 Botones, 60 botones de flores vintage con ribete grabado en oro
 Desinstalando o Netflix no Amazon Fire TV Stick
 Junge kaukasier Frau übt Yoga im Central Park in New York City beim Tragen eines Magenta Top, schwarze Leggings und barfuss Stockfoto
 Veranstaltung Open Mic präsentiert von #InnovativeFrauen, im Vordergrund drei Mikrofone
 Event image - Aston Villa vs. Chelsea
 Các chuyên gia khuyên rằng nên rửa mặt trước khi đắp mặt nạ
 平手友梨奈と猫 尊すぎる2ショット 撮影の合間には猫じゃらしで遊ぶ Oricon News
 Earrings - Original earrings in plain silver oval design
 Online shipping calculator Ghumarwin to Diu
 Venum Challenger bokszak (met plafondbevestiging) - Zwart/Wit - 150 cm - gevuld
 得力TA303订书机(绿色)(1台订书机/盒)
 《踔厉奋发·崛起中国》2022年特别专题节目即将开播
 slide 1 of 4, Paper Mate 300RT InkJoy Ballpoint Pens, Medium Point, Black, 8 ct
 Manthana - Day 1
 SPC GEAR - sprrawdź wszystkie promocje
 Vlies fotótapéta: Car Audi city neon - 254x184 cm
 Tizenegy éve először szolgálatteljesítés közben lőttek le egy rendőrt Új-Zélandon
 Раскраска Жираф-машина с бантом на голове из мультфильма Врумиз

====

▸ Exercise:
Look above for the line with "Các chuyên gia" and the line with "Online shipping calculator Ghumarwin to Diu"; transcribe both and all lines in between, exactly, and nothing else.

▸ Output of the exercise:
 Các chuyên gia khuyên rằng nên rửa mặt trước khi đắp mặt nạ
 平手友梨奈と猫 尊すぎる2ショット 撮影の合間には猫じゃらしで遊ぶ Oricon News
 Earrings - Original earrings in plain silver oval design
 Online shipping calculator Ghumarwin to Diu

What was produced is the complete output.